**DATA SHOWN:**
☆ ☆ ☆ ☆

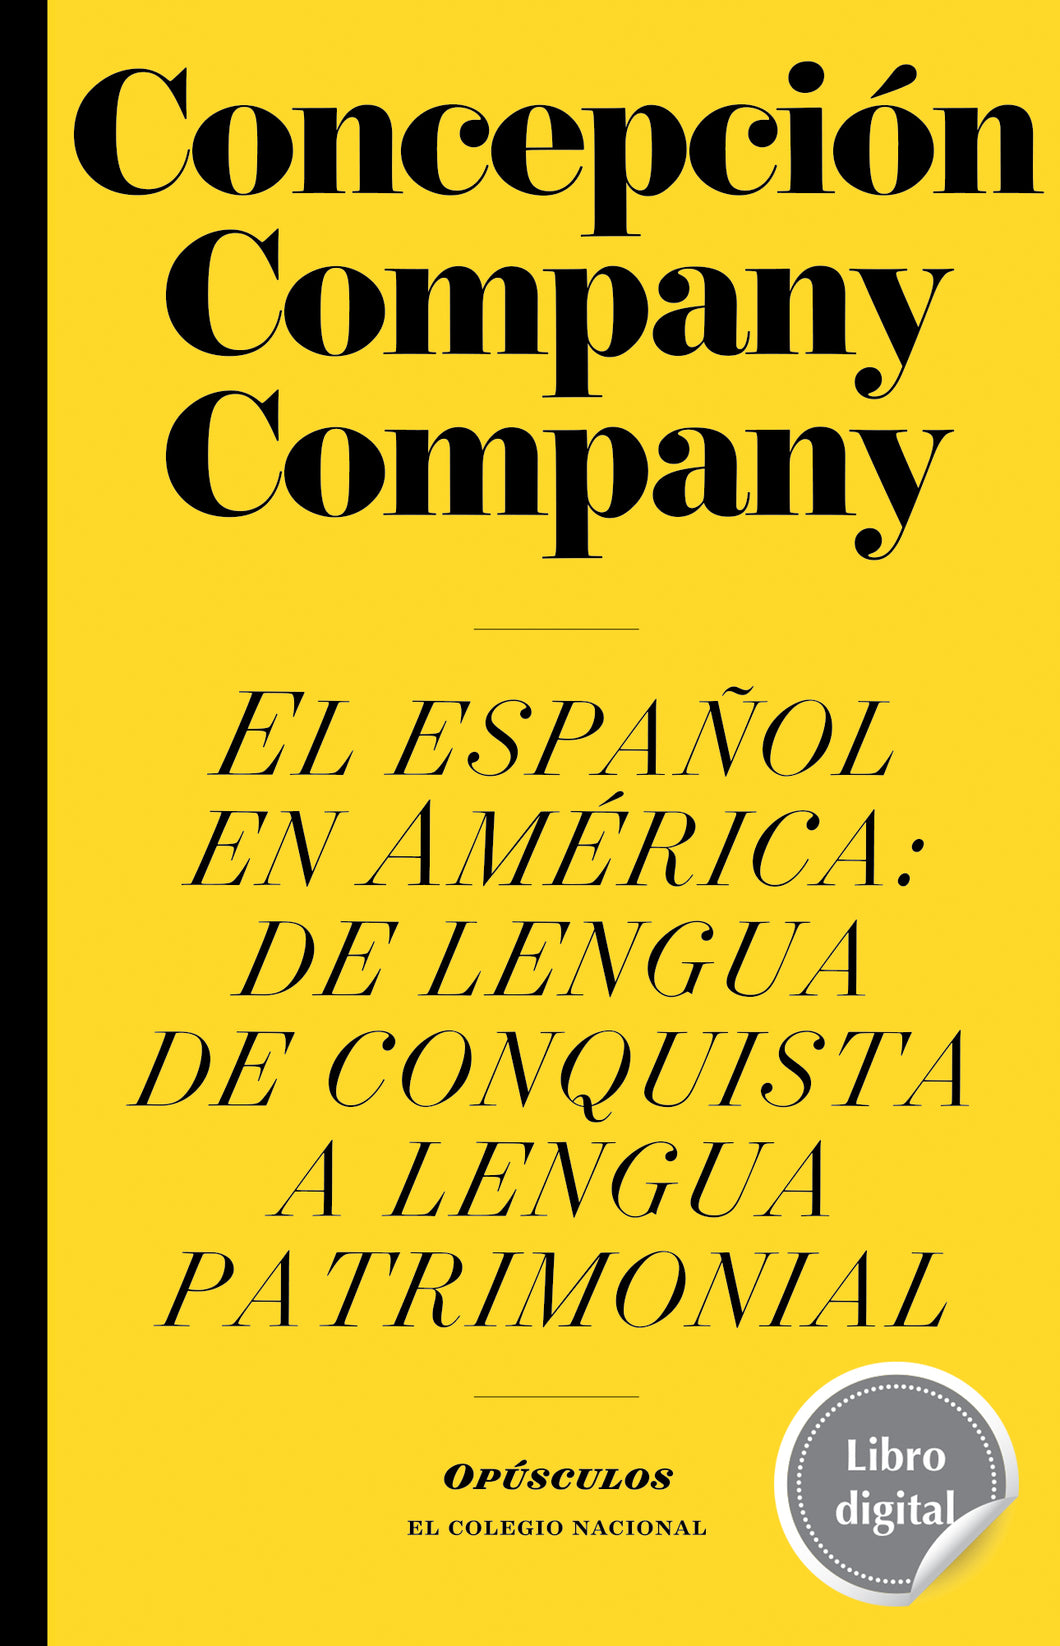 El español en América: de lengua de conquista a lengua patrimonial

☆ ☆ ☆ ☆

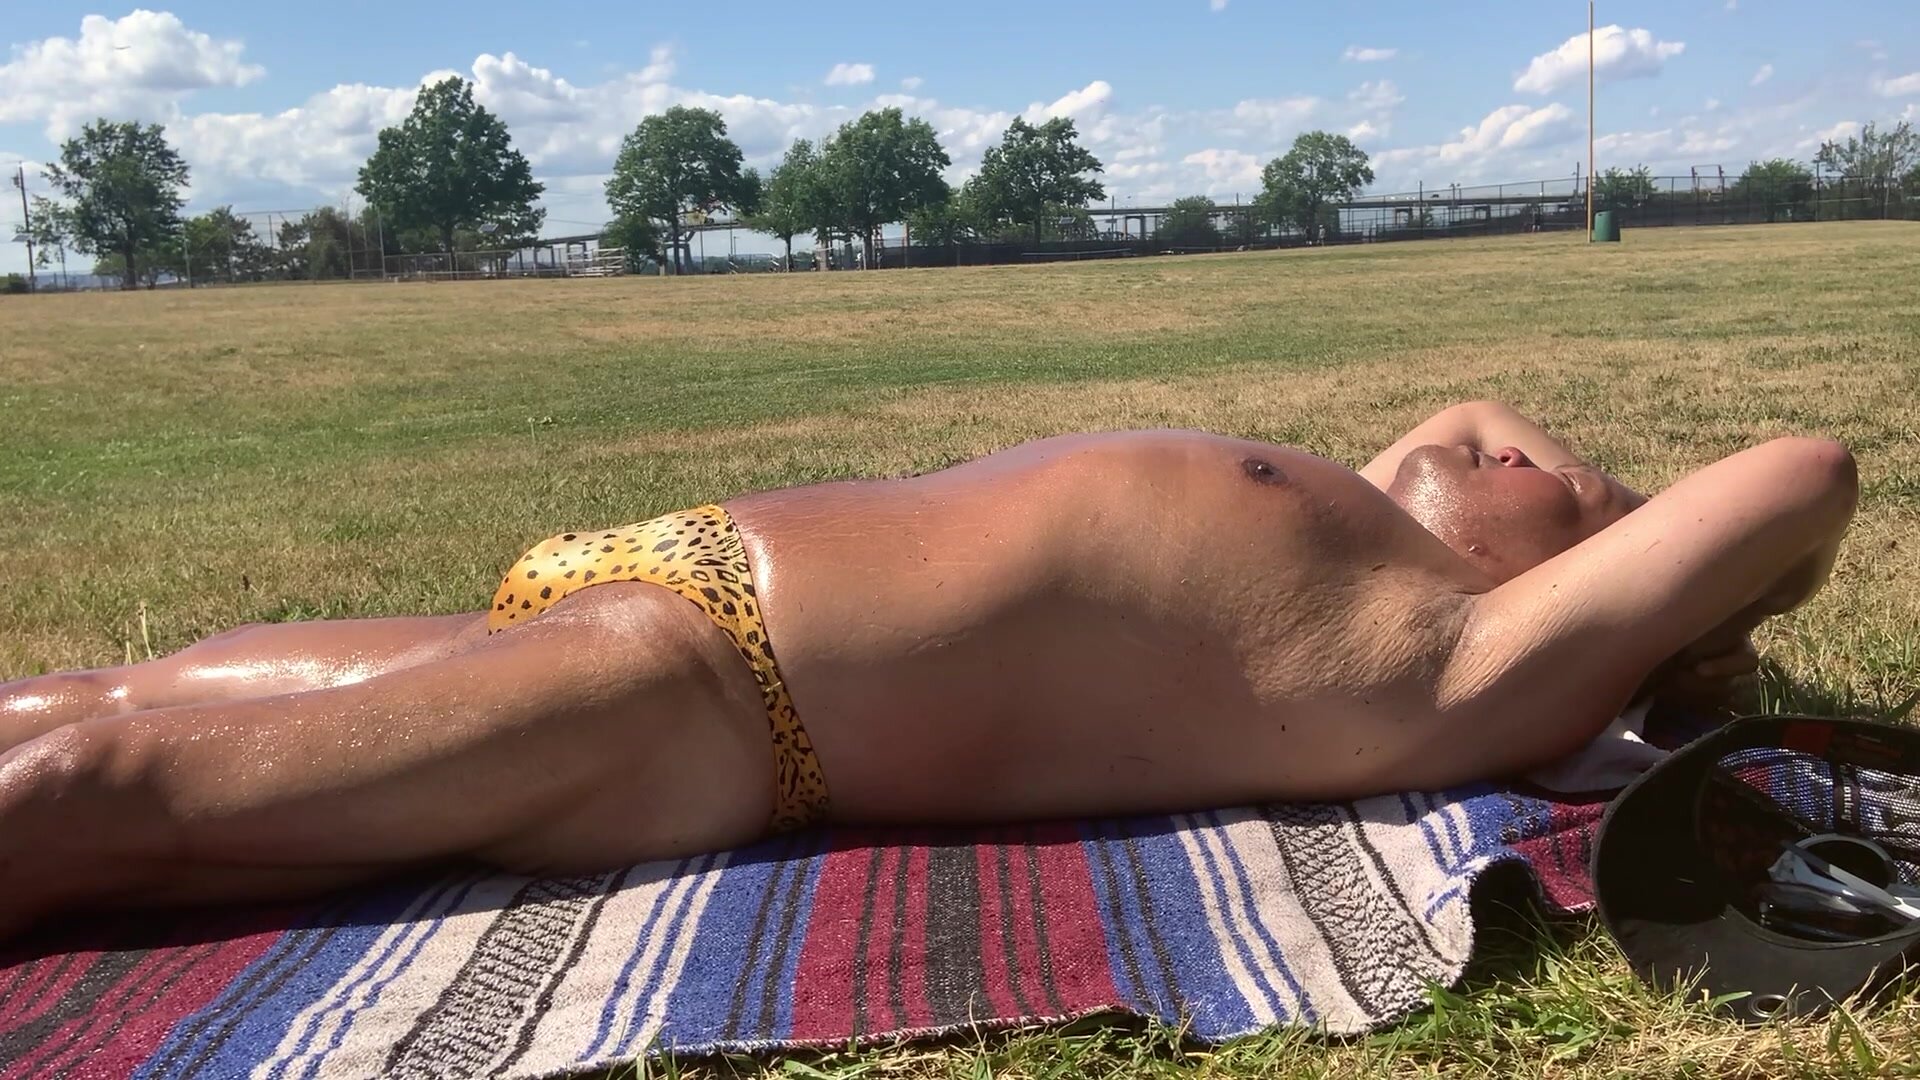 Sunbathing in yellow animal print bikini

☆ ☆ ☆ ☆

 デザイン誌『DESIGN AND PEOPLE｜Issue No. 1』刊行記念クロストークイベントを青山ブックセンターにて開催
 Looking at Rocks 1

☆ ☆ ☆ ☆

**EXERCISE DESCRIPTION:**
As listed above, the lines from the line with "デザイン誌『DESIGN AND PEOPLE｜Issue" to the line with "Looking at Rocks 1" are to be echoed exactly, with both ends included and nothing added.

**TASK RESPONSE:**
 デザイン誌『DESIGN AND PEOPLE｜Issue No. 1』刊行記念クロストークイベントを青山ブックセンターにて開催
 Looking at Rocks 1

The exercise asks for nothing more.